The Passaic River parallels the Hudson River and was an industrial river, which included plants that manufactured Agent Orange that was used in the Vietnam War in the 1960s. Stretches of river along Newark are postindustrial, abandoned landscapes, and the sediment at the mouth of the Passaic River near Newark Bay remains contaminated with dioxin TCDD, PCBs, and Hg. The USEPA designated a 27 km (16 mi) stretch of the Passaic River as a Superfund site. In 2013 several corporations agreed to pay New Jersey US130 million for ecological damages related to the Passaic River pollution (Baxter 2011). To date, US1.38 billion have been spent on cleanup.
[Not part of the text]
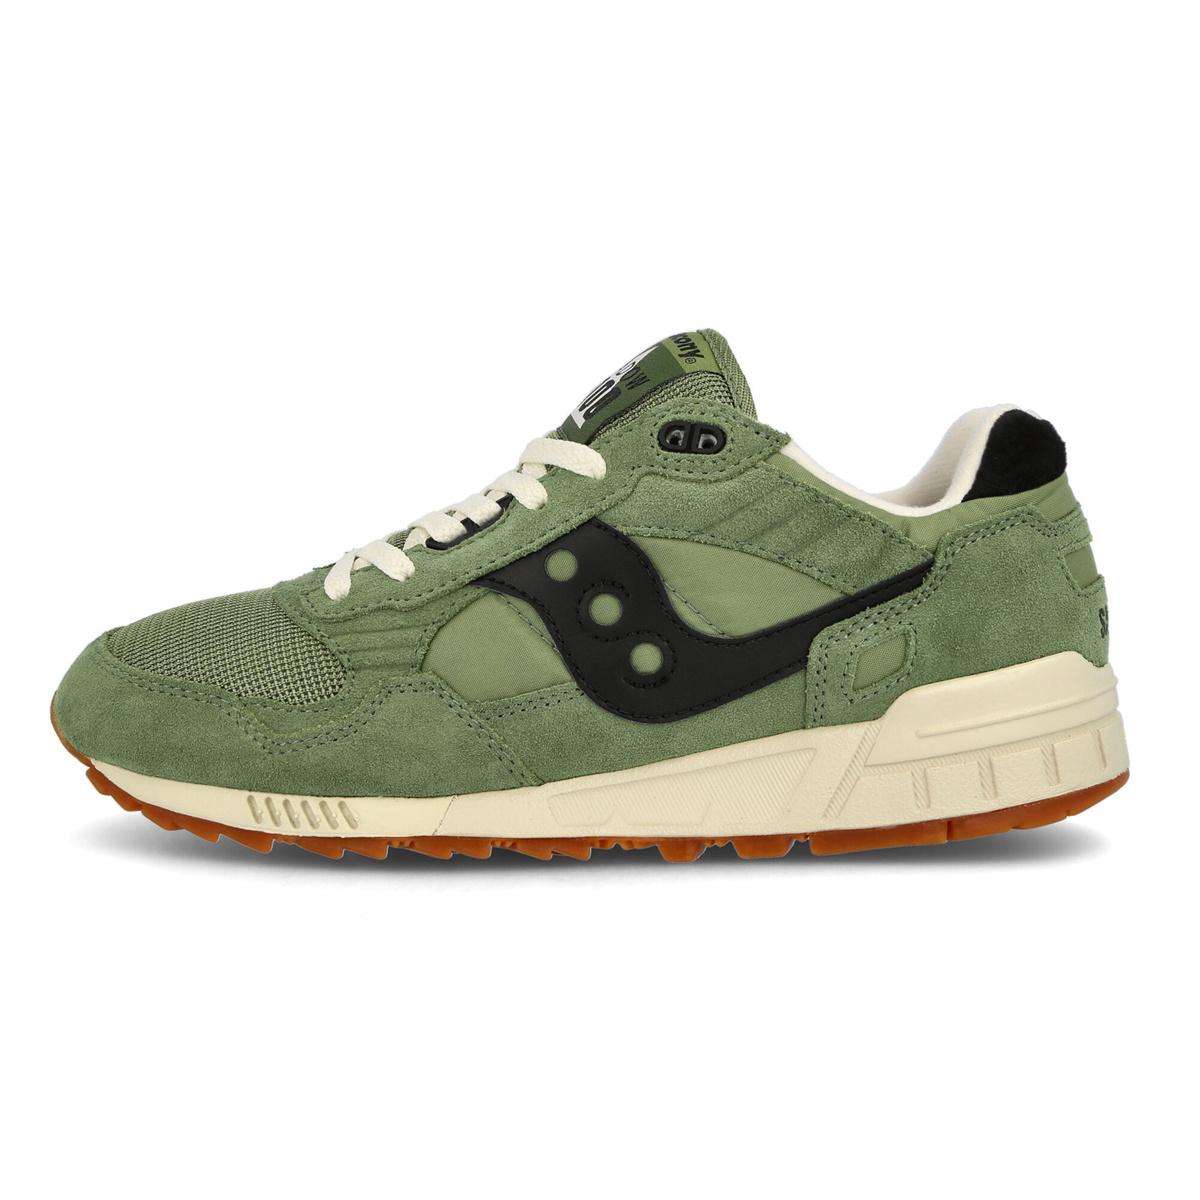 Saucony Shadow 5000 (Green/Gum) S70404-48

The USEPA estimated the remaining cost of cleanup of the lower Passaic River and Newark Bay at US6 billion in addition to US6 billion for past natural resource damages. After 50 years, US companies, such as Diamond Alkali (now Diamond Shamrock), stopped manufacturing Agent Orange with the by-product dioxin TCDD. However, the contaminant with a very long half-life when attached to sediment under anaerobic conditions remains an environmental problem in the tidal Passaic River and Newark Bay. To this day fish and crabs from the Passaic River are too contaminated with dioxin TCDD for human consumption and remain a threat to the food supply and human health (New Jersey Department of Environmental Protection 2009).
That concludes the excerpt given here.